Of the 39 Senate seats, seven are awarded by President Nursultan Nazarbaev. Each of Kazakhstan's 14 regions has two deputies. The two largest cities -- Almaty and the capital Astana -- also have two each. It falls to regional and local officials to choose who will fill those 32 seats.
Senate elections rotate. Every three years, half the seats are up for new candidates, meaning this year only 16 deputies will be selected. Forty-one candidates were registered to participate in the selection process. Of them, 21 of them are from Otan [the ruling party].
Otan already has a majority in the Mazhilis, the lower house of parliament, and seems sure to have a majority in the upper house. Otan's dominance may play a key role in determining if Kazakhstan will next hold presidential elections in December 2006, as currently scheduled, or schedule an early vote in January 2006, when Nazarbaev's term expires.

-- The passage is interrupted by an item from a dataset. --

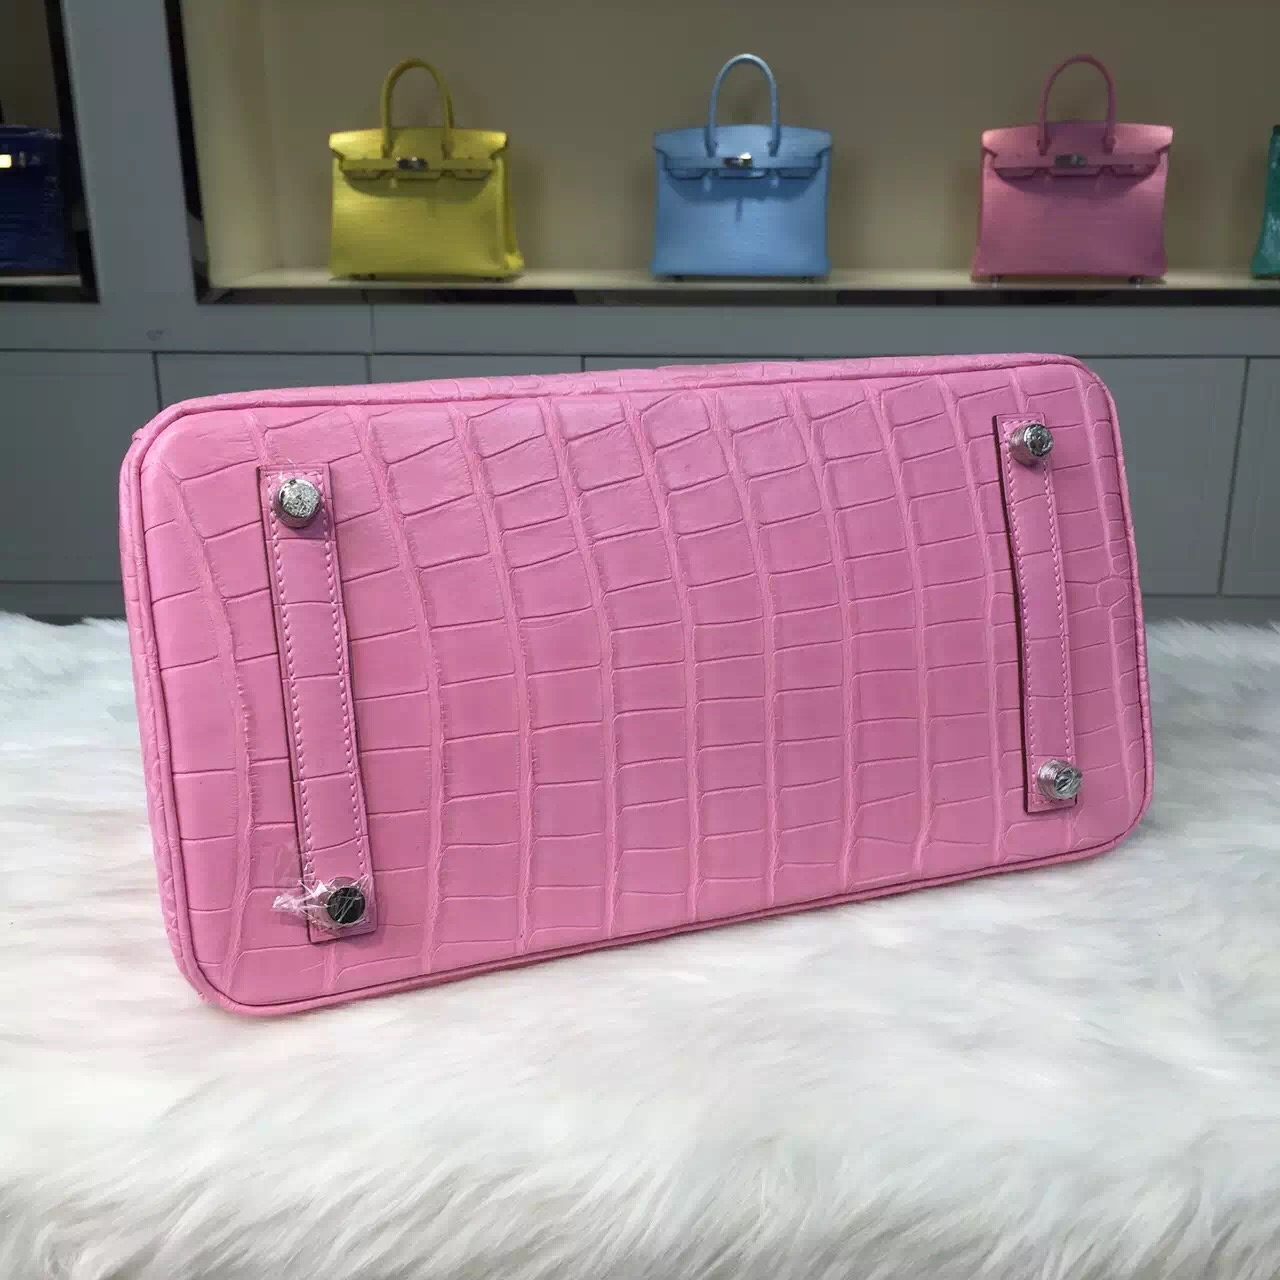 Hermes 5P Pink Original Crocodile Leather Birkin Bag 30CM Gold/Silver Hardware

Some in Otan have already called for early presidential elections. Perhaps for this reason, the Senate selection has piqued the interest of politics-watchers outside Kazakhstan. For the first time, according to Lazzat Suleimen, a member of the Kazakh Central Election Commission, international observers will be on hand to watch the selection process.
So international observers will be watching -- but, by contrast, there will be no Kazakh monitors. Dos Koshim is a longtime opposition activist and the head of the Independent Observers Network of Kazakhstan. He explained why his group is not interested in monitoring the Senate process.
"For five years we have stayed away from observing Senate elections," Koshim said. "The reason is because this chamber does not represent the people. That's why we refused."